One of their products, K-1000, is used by several
photographic companies to make a chemical that is
used in the film-developing process. To produce
K-1000 efficiently, Coren Chemical uses the batch
approach, in which a certain number of gallons is
produced at one time. This reduces setup costs and
allows Coren Chemical to produce K-1000 at a competitive
price. Unfortunately, K-1000 has a very
short shelf life of about one month.
Coren Chemical produces K-1000 in batches
of 500 gallons, 1,000 gallons, 1,500 gallons, and
2,000 gallons. Using historical data, David Coren
was able to determine that the probability of selling
500 gallons of K-1000 is 0.2. The probabilities of
selling 1,000, 1,500, and 2,000 gallons are 0.3, 0.4,
and 0.1, respectively. The question facing David ishow many gallons to produce of K-1000 in the next
batch run. K-1000 sells for $20 per gallon. Manufacturing
cost is $12 per gallon, and handling costs and
warehousing costs are estimated to be $1 per gallon.
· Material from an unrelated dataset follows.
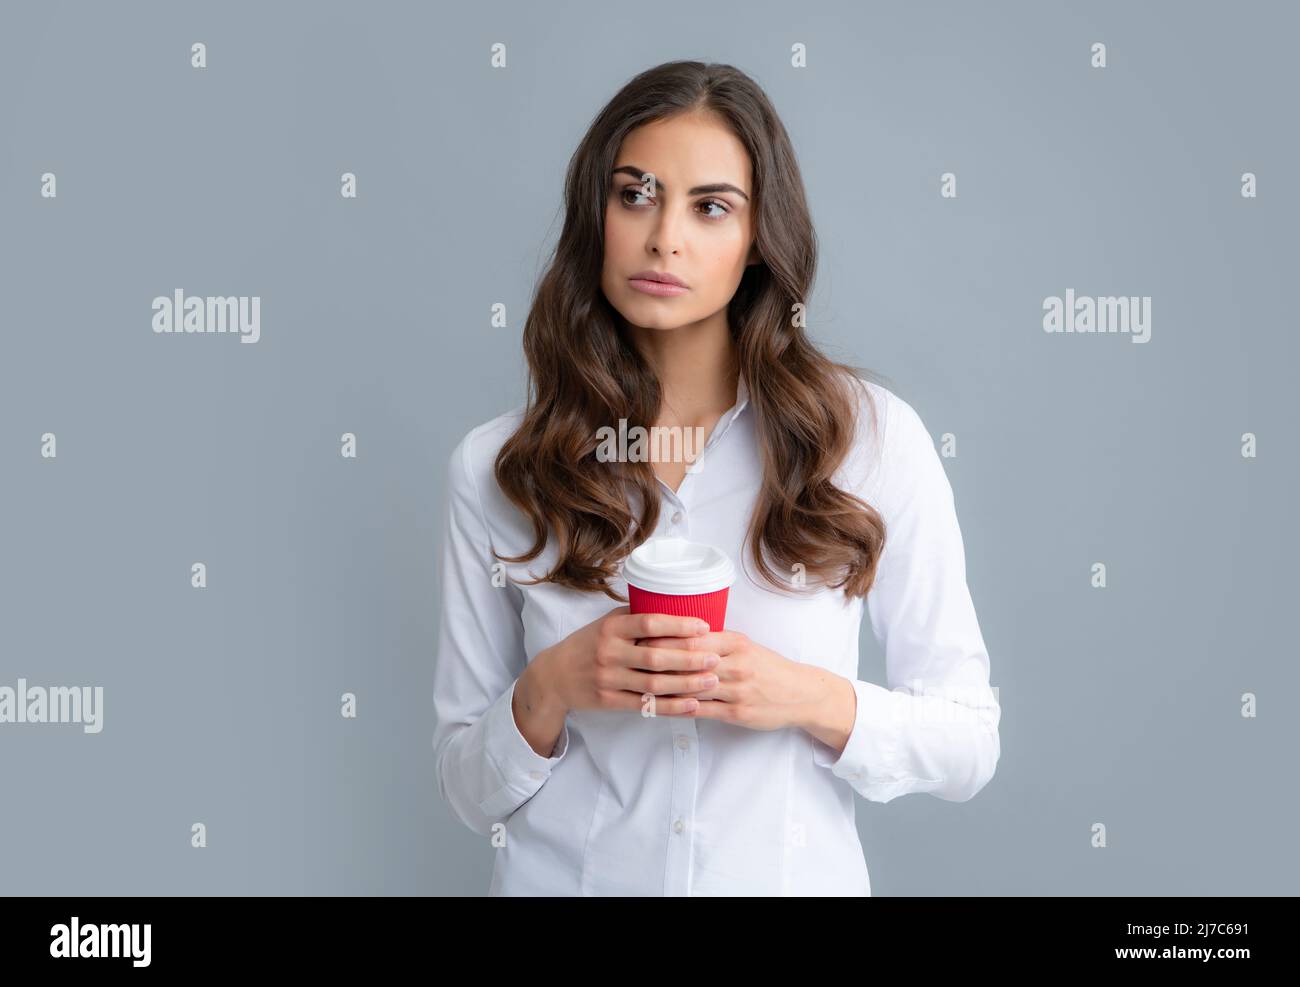 Portrait of nice cute girl holding cup of coffee. Young woman smiling with a coffee cup, isolated on gray background. Stock Photo

In the past, David has allocated advertising costs to
K-1000 at $3 per gallon. If K-1000 is not sold after
the batch run, the chemical loses much of its important
properties as a developer. It can, however, be
sold at a salvage value of $13 per gallon. Furthermore,
David has guaranteed to his suppliers that
there will always be an adequate supply of K-1000.
If David does run out, he has agreed to purchase a
comparable chemical from a competitor at $25 per
gallon. David sells all of the chemical at $20 per gallon,
so his shortage means that David loses the $5 to
buy the more expensive chemical.
(a) Develop a decision tree of this problem.
(b) What is the best solution?
(c) Determine the expected value of perfect information.